Regenerating cells as a means of healing diseased tissues and organs has been an attractive but elusive endeavor in medicine. In addition to the manufacturing challenges of these therapies, scientists also have to contend with the risks of rejection and infection, as well as ensuring that the therapeutic benefit lasts. Biotech startup Satellite Bio aims to overcome these challenges with a new vision of tissue biology and is now out of the $ 110 million backed hiding.
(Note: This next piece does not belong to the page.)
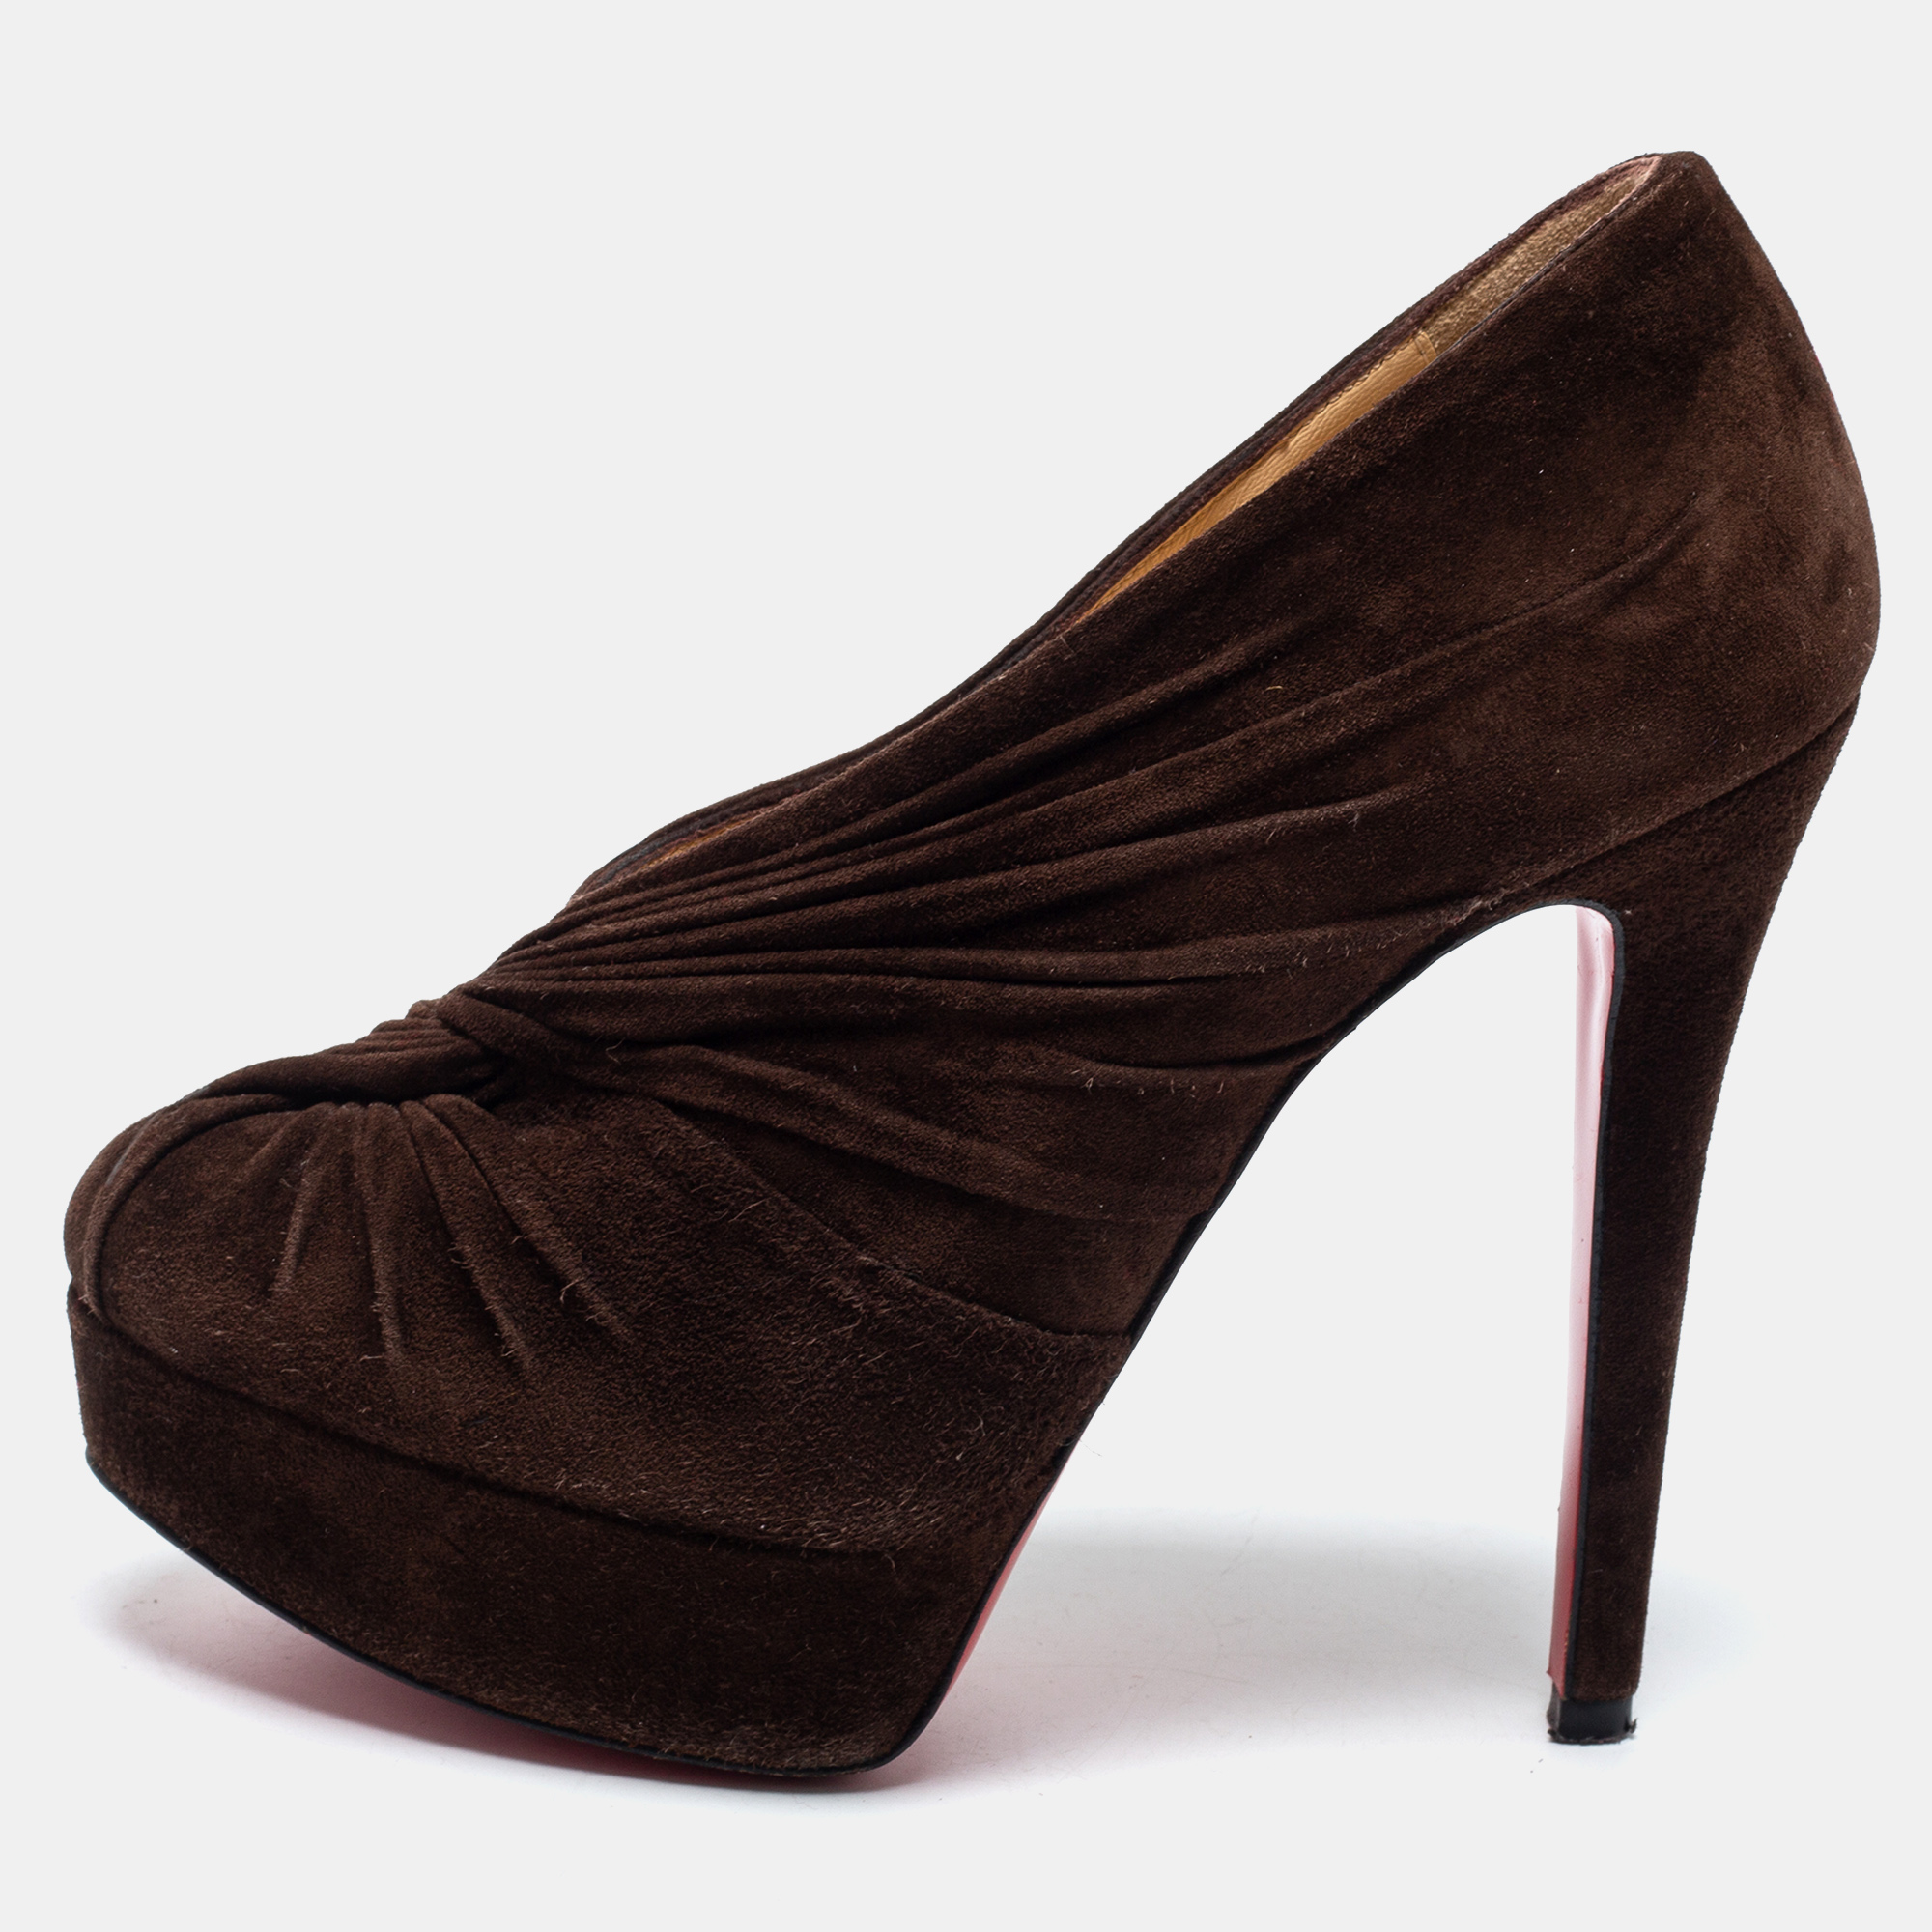 Pre-owned Christian Louboutin Brown Pleated Suede Platform Ankle Booties Size 35.5
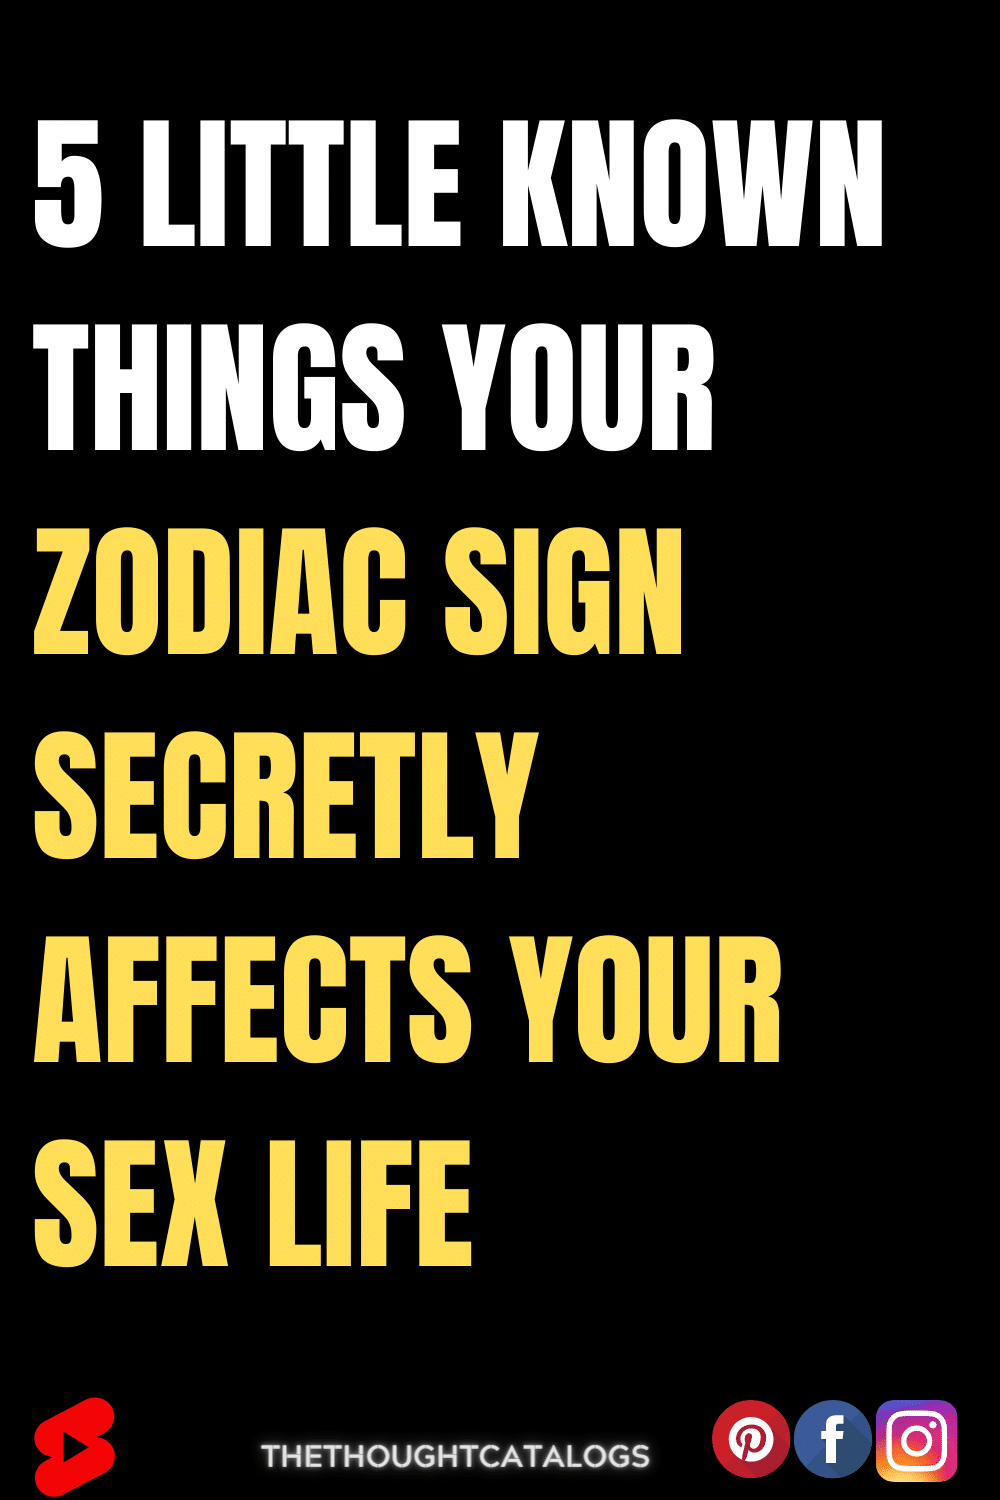 5 Little Known things Your Zodiac Sign Secretly Affects Your S*x Life ...

Satellite Bio, based in Cambridge, Massachusetts, selectively programs the cells (the startup claims its technology platform works with nearly all cell types) and then assembles them into implantable therapies it calls Satellite. According to the company, these bioengineered tissue structures can repair, restore, or even replace dysfunctional or diseased tissues or organs. Satellite Bio adds that these implantable cells are fully functional in the patient, overcoming the obstacles encountered by previous attempts to restore organ function. Preclinical data have shown how this approach can work.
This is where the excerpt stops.